If we can get enough folks to commit we'll open the doors are do some racing!!

Let me know.


----------



## Toman Racing

mike and i had a great time at the gate we will come back for sure and wayne thank u for help me out with ESC and can u tell me where i can get program with check ESC? i believe it is at hobbyking what is model?


----------



## Easy

Toman Racing said:


> mike and i had a great time at the gate we will come back for sure and wayne thank u for help me out with ESC and can u tell me where i can get program with check ESC? i believe it is at hobbyking what is model?


There are 2 different ones. Hobbypartz is where I got mine from. One is called a program card, the other a Program box. If you go to the Hobbywing speed control ad, they are listed with them.
Hope this helps.


----------



## sg1

Toman Racing said:


> mike and i had a great time at the gate we will come back for sure and wayne thank u for help me out with ESC and can u tell me where i can get program with check ESC? i believe it is at hobbyking what is model?


Like Easy said, There is a program card and program box.
The program box is what I used on yours.
We have those in stock at the track  
You can also get the at Hobbypartz.com


----------



## Easy

sg1 said:


> Like Easy said, There is a program card and program box.
> The program box is what I used on yours.
> We have those in stock at the track
> You can also get the at Hobbypartz.com


Sorry Wayne, I was unaware that they were in stock at the store.
Don


----------



## wazzer

Another fantastic time at the Gate with the BRP crowd. Been probably a year since my last visit, so it was great seeing all of you. Michael, thanks for keeping up with my batteries. Wayne and Gate crew, nice job on the track facelift, it's always a pleasure racing there. Bud, thanks for supporting your product, without that, I'm sure they're be no BRP racing. Dave, thanks for driving, I went about another hour, then had to crash at a travel plaza. Got home about 8:00 am.

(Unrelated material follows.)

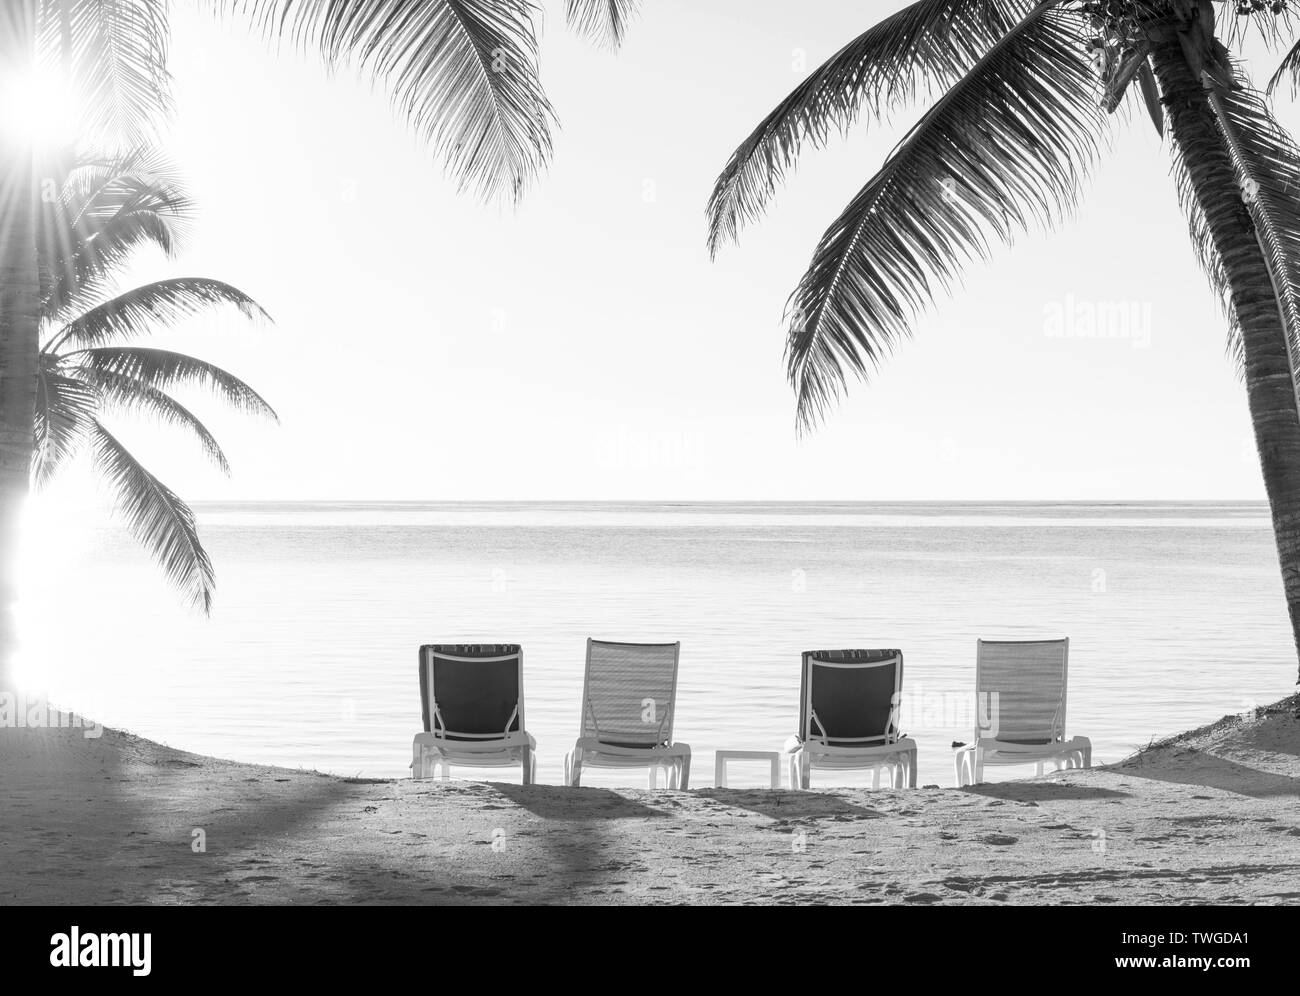 Vacances de plage transats dans le sable avec vue sur l'océan en noir et blanc Banque D'Images

Have a safe and happy holidays, and see you next time, Tim.


----------



## sg1

Easy said:


> Sorry Wayne, I was unaware that they were in stock at the store.
> Don


No need to be sorry 

It just happens we picked a few up


----------



## all4fun

wazzer said:


> Another fantastic time at the Gate with the BRP crowd. Been probably a year since my last visit, so it was great seeing all of you. Michael, thanks for keeping up with my batteries. Wayne and Gate crew, nice job on the track facelift, it's always a pleasure racing there. Bud, thanks for supporting your product, without that, I'm sure they're be no BRP racing. Dave, thanks for driving, I went about another hour, then had to crash at a travel plaza. Got home about 8:00 am.
> 
> Have a safe and happy holidays, and see you next time, Tim.


Tim,
Glad you got home safely. If the Gate had an award for the furthest traveled, you would be the winner, for sure! Looking forward, traveling and racing with you the next time you come out. We definately had a lot of fun racing at the Gate again........in all three classes! Happy Holidays to you and your family too.


----------



## Easy

Toman Racing said:


> mike and i had a great time at the gate we will come back for sure and wayne thank u for help me out with ESC and can u tell me where i can get program with check ESC? i believe it is at hobbyking what is model?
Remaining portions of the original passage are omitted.